● **Directions**
Output each line of the listing exactly, though pictures are not to appear.

● **Recorded information**
[Start of Attachment]
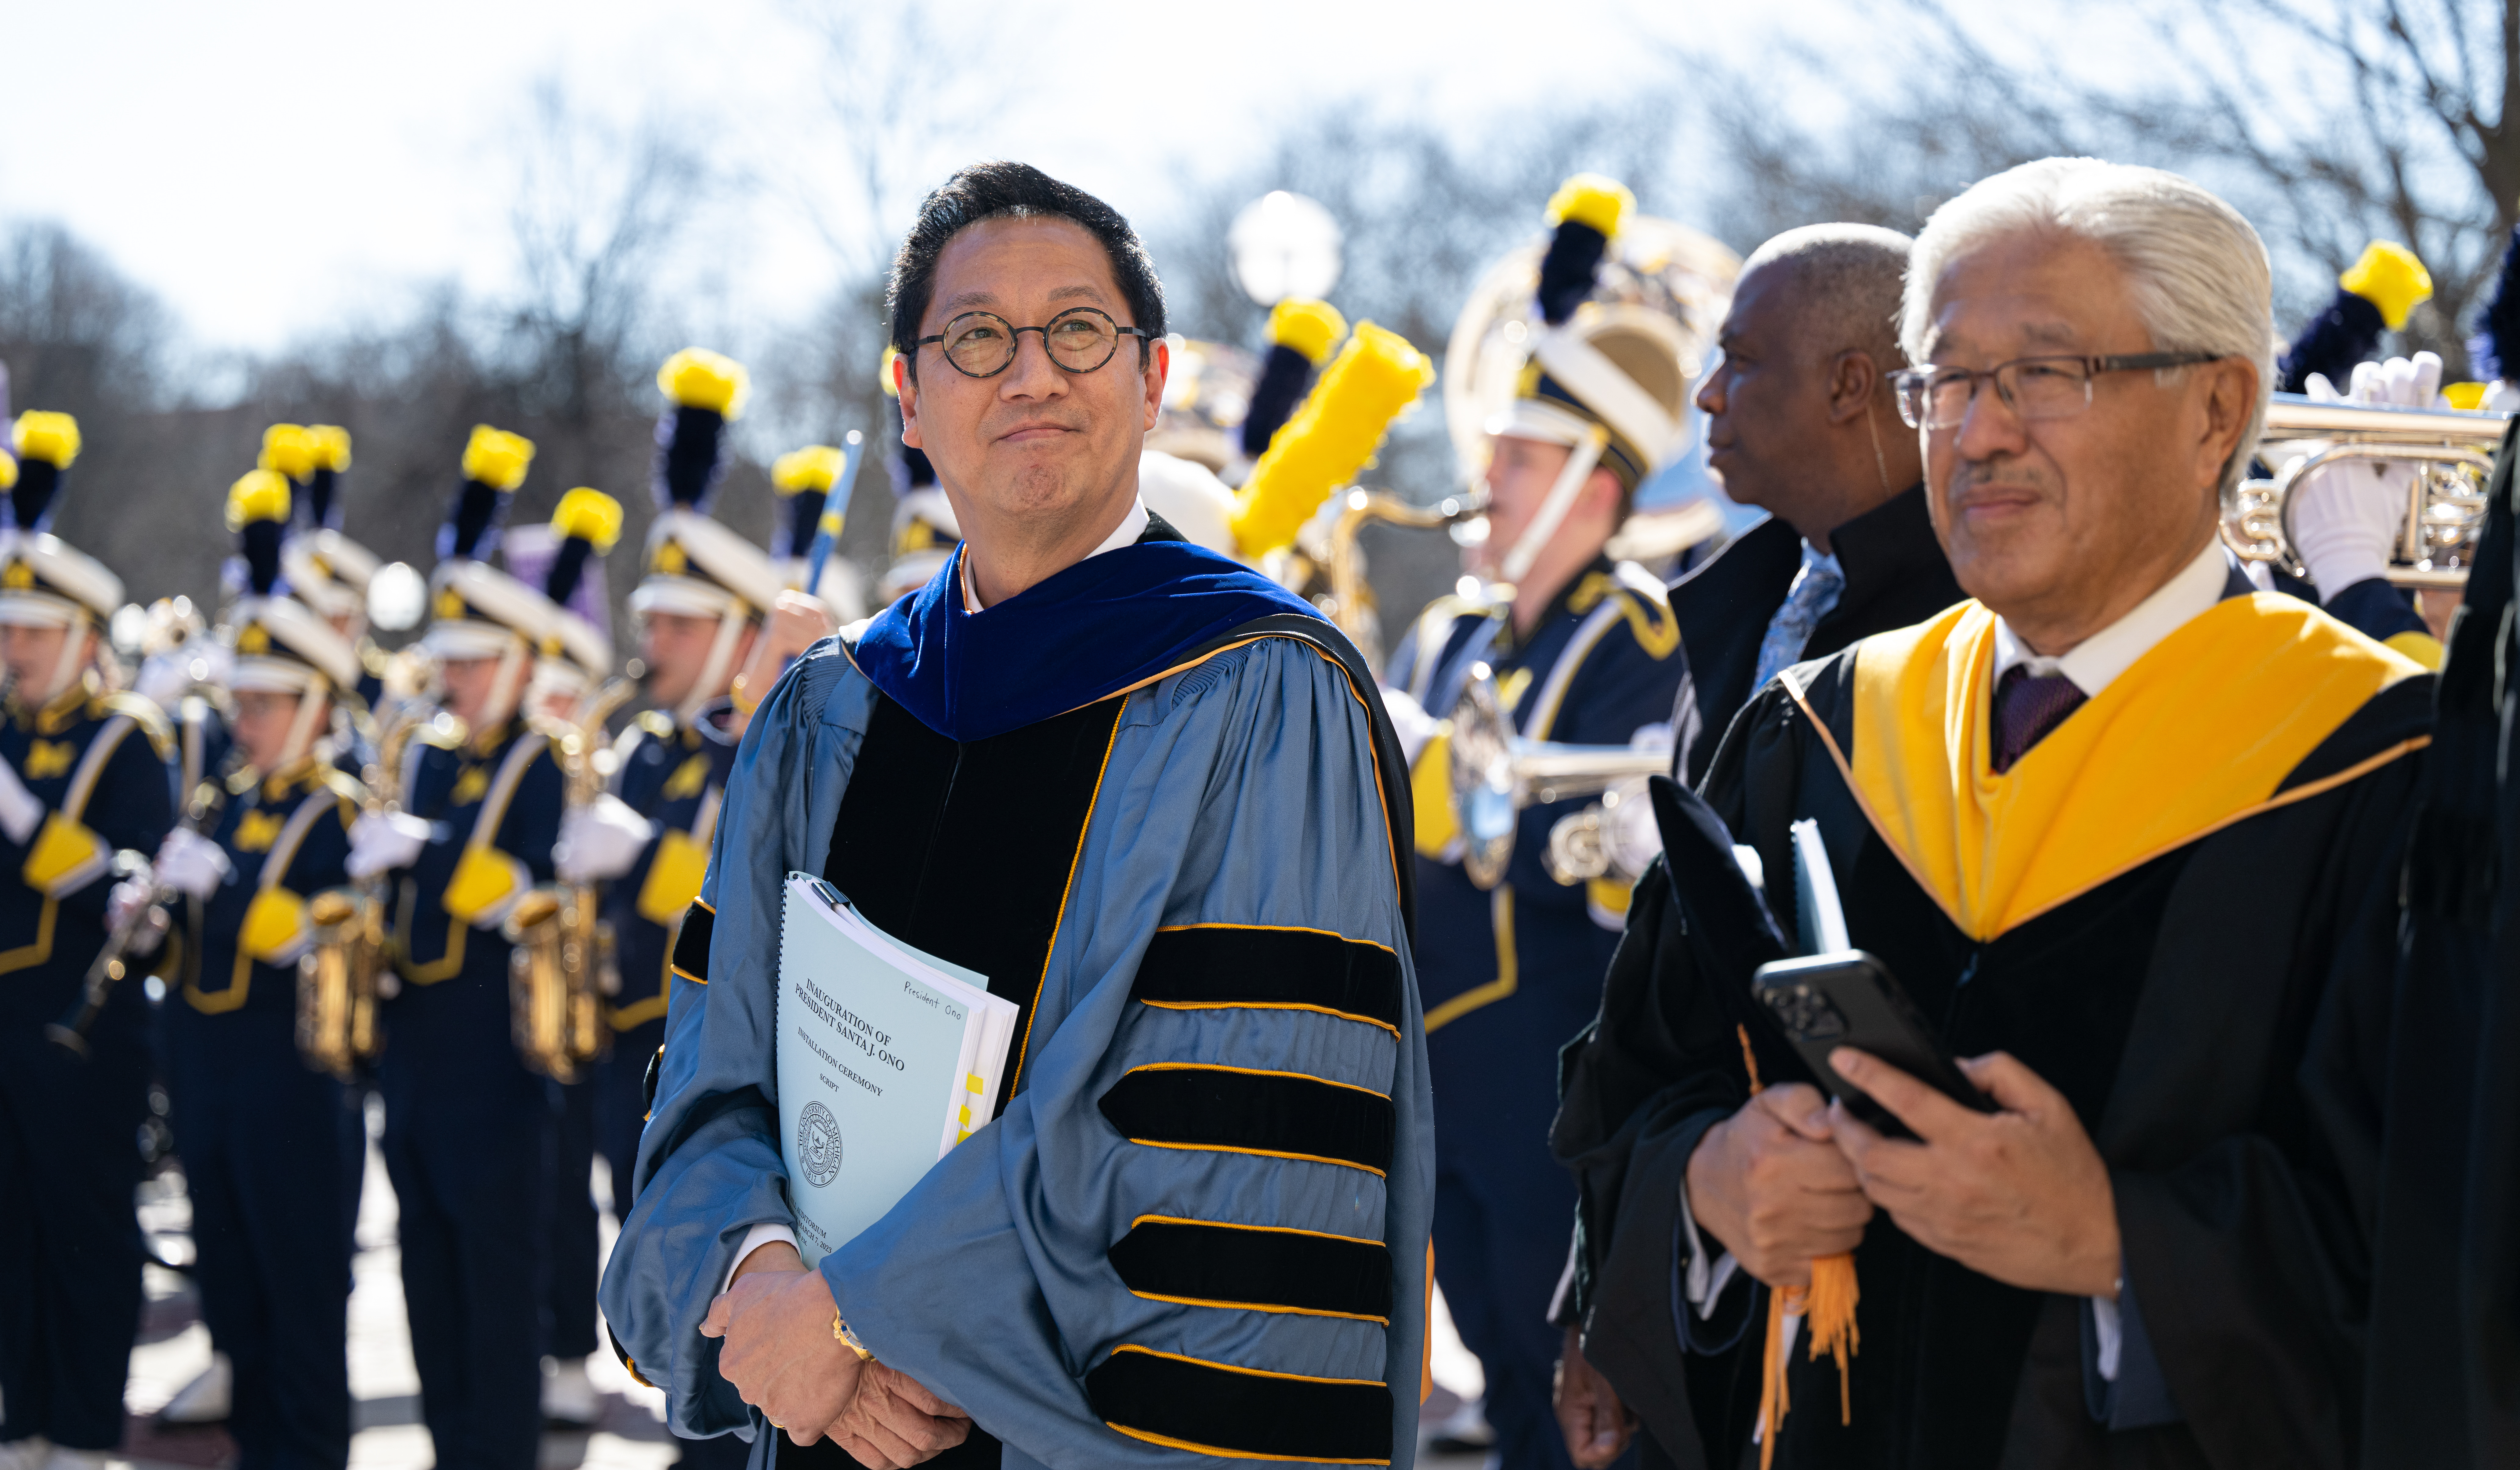 Procession Leading To Santa J. Ono Is Installed As The 15th President Of The University Of Michigan. Inauguration.
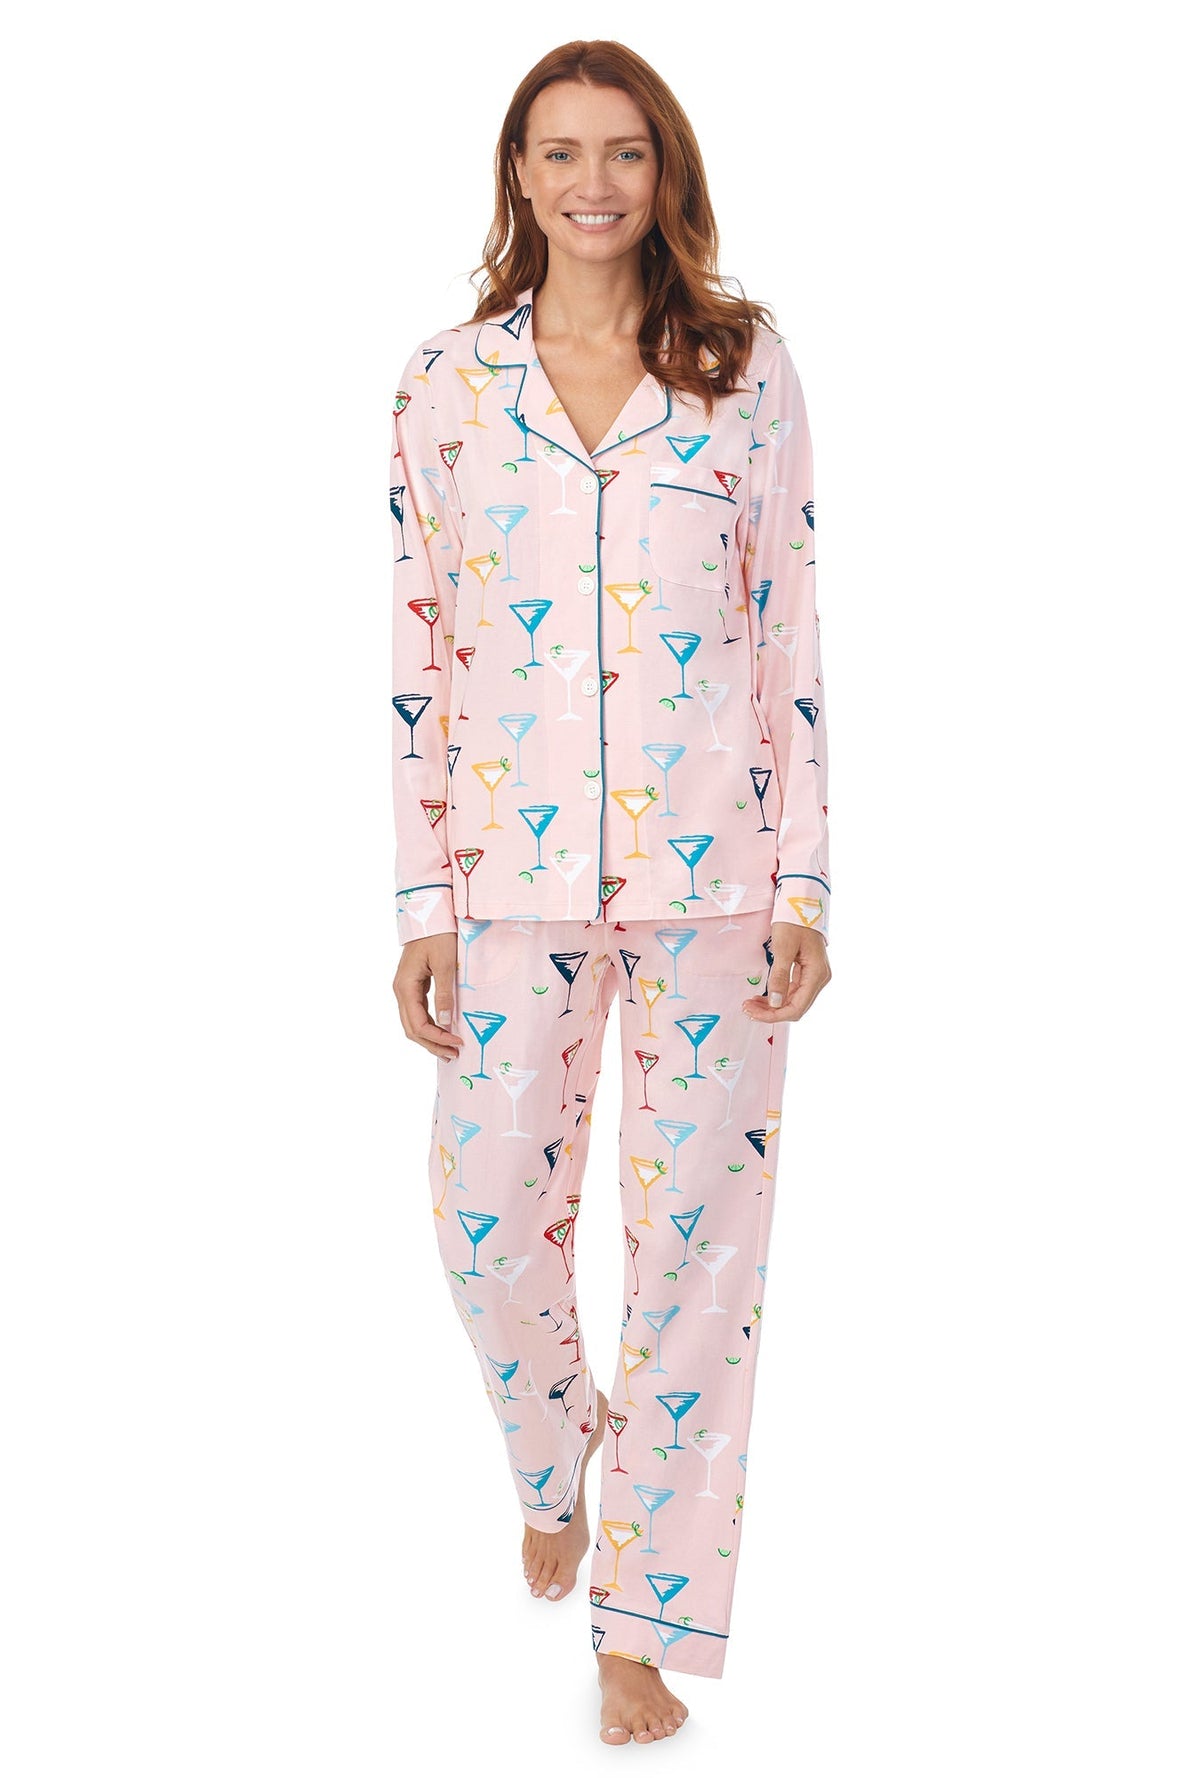 A lady wearing a pink long sleeve pj set with glass pattern.
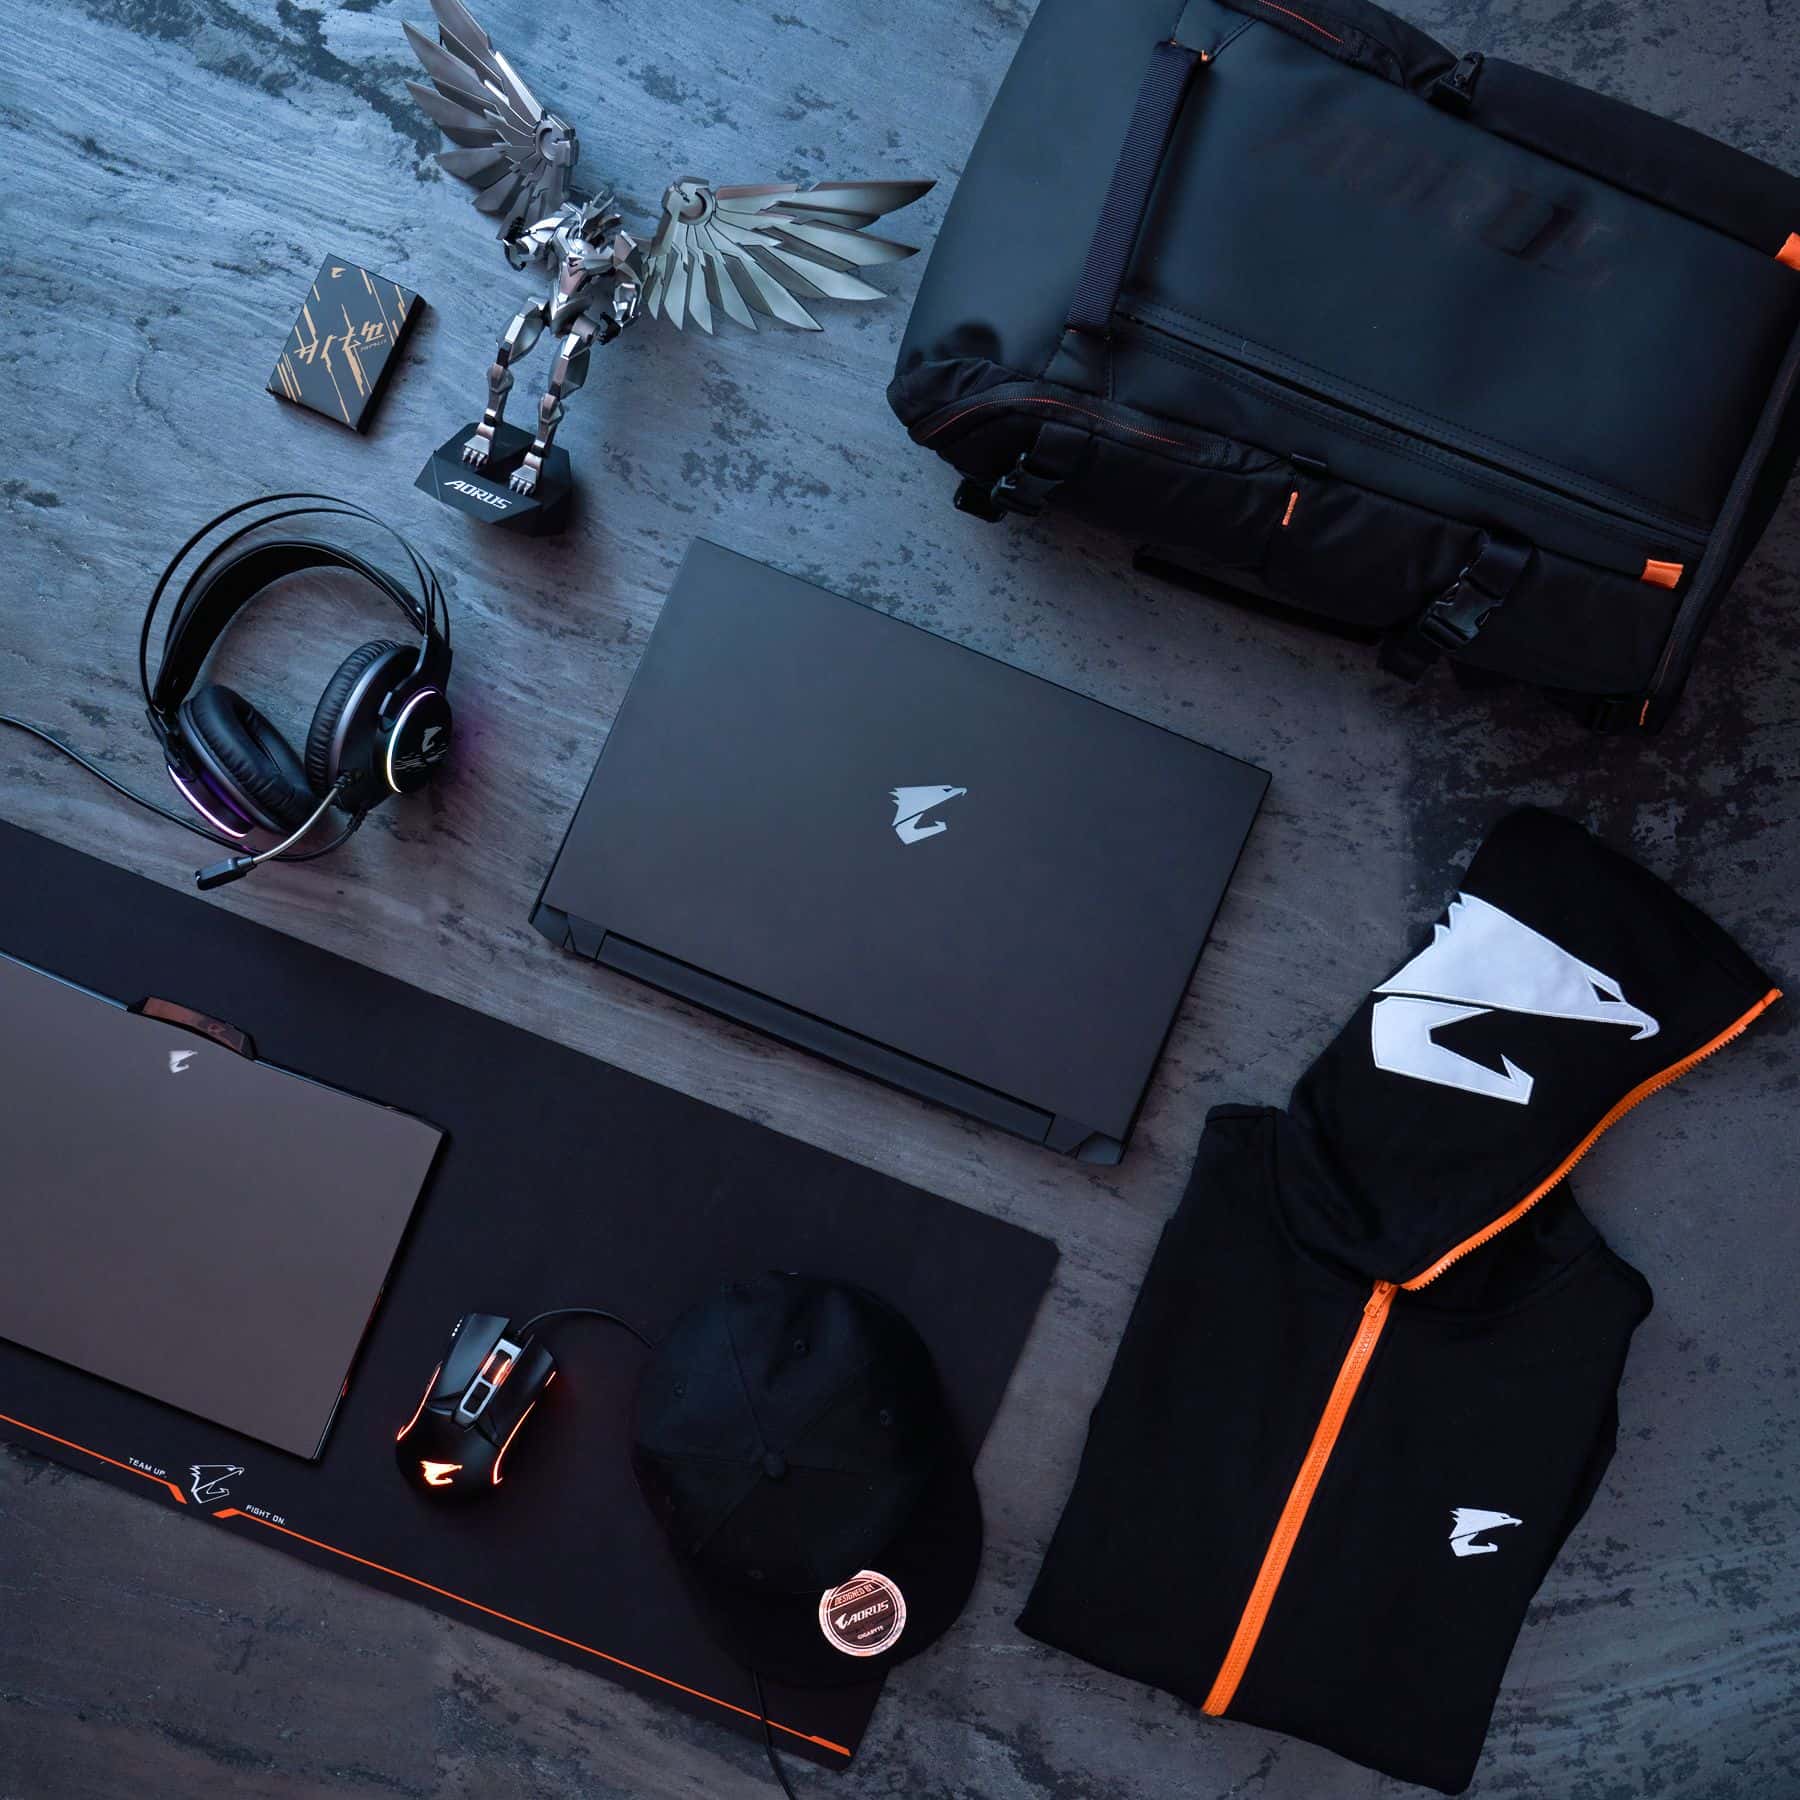 6 Things to Think About before Buying Your Gaming Laptop
[End of Attachment]
● **Response to the exercise**
 Procession Leading To Santa J. Ono Is Installed As The 15th President Of The University Of Michigan. Inauguration.
 A lady wearing a pink long sleeve pj set with glass pattern.
 6 Things to Think About before Buying Your Gaming Laptop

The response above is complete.